I was doing some research on visa renewal information and came across a post on another forum where the person said; 

*“If you got your initial FM3 in the US or Canada, by the way, your renewal date is the date you actually entered Mexico at the border and had your visa first stamped. It is not the date you picked up your new FM3 at the consulate in the US where you got it.”*

Does anyone know if this is true? I received my visa in the U.S. on December 10th and it was stamped on February 13th which one would be my renewal date?


----------



## RVGRINGO (May 16, 2007)

"Fecha de Vencimiento" is the date you are looking for, and it is posted in your booklet. That is the expiration date and you should apply for renewal 30 days prior to that date.

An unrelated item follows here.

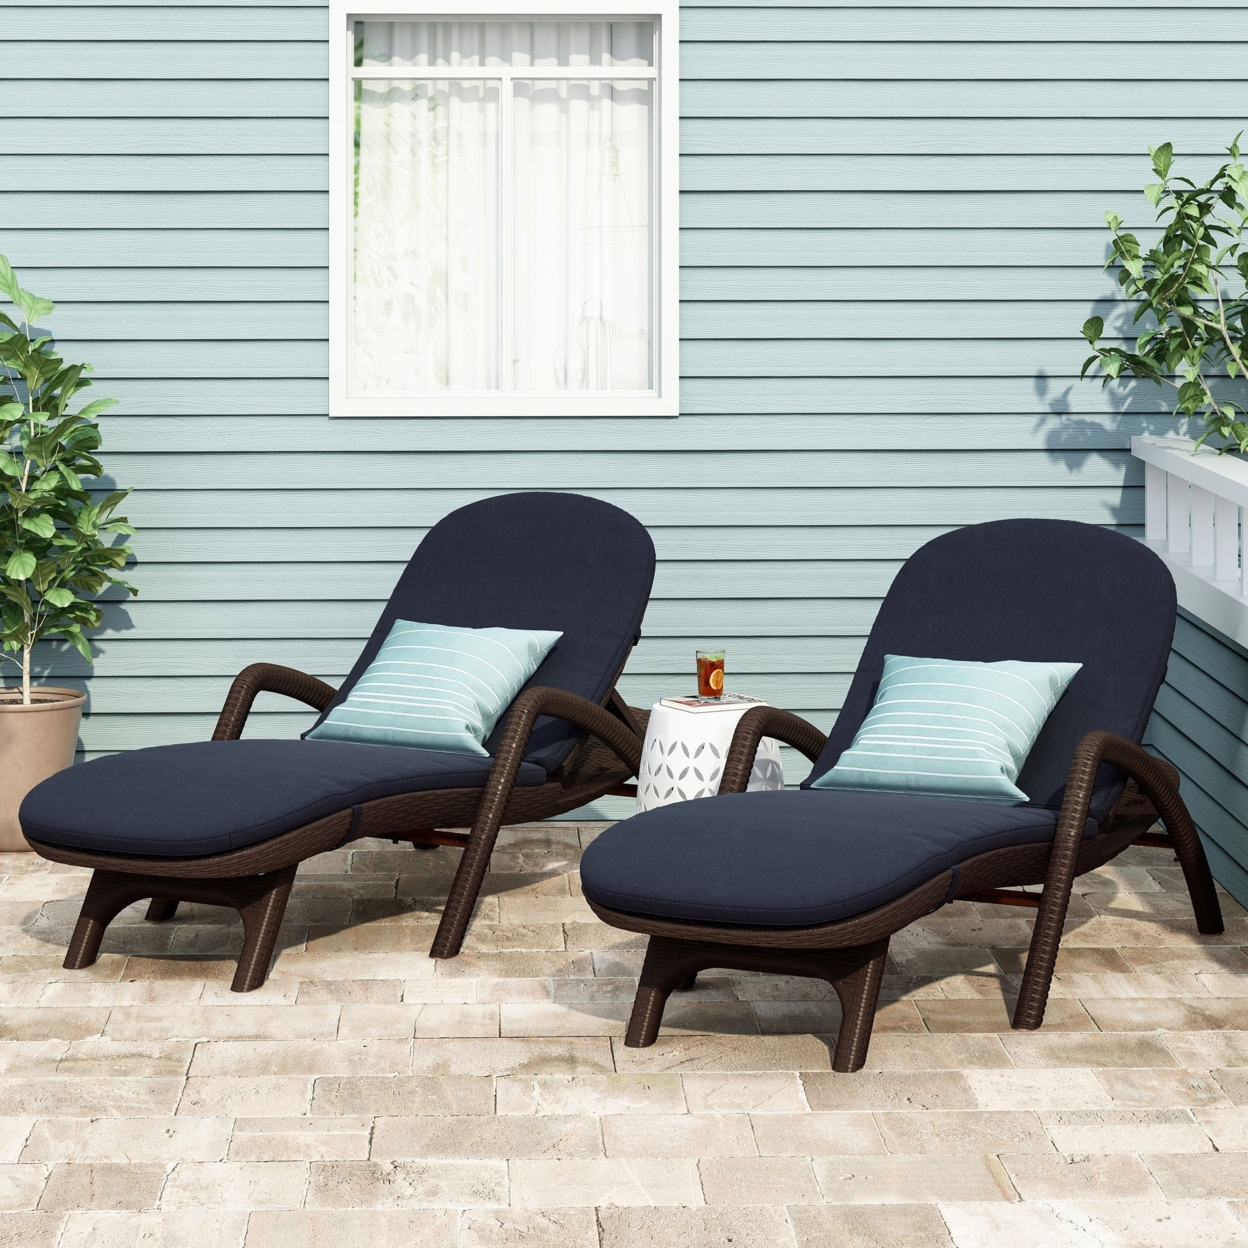 Riley Outdoor Faux Wicker Chaise Lounges With Cushion (Set Of 2) - Dark Brown/blue

When you entered Mexico, you should have been stamped 'in' on the 'Entradas' page. Upon arrival at your destination, you had 30 days to register you FM3 with INM and establish your address in Mexico.


----------



## Silence820 (Nov 5, 2009)

*Update;*

Went to INM today, they told me that the visa is valid for 1 year from the date a person arrives into the country, not from the date the visa was issued. I hope this helps anyone else that may have a similar problem.


----------



## RVGRINGO (May 16, 2007)

Silence,
That applies only to your visa and the circumstances under which it was issued, which are now obsolete for newly issued visas. Yours is an unusual case and should not be an example for others. The vast majority of visas are issued in Mexico.

The 'no inmigrante' and 'inmigrante' visas are now issued only in Mexico. As soon as the old FM3/2 booklets are renewed, you will be issued a plastic 'credencial', which will have the expiration date printed on the back.


----------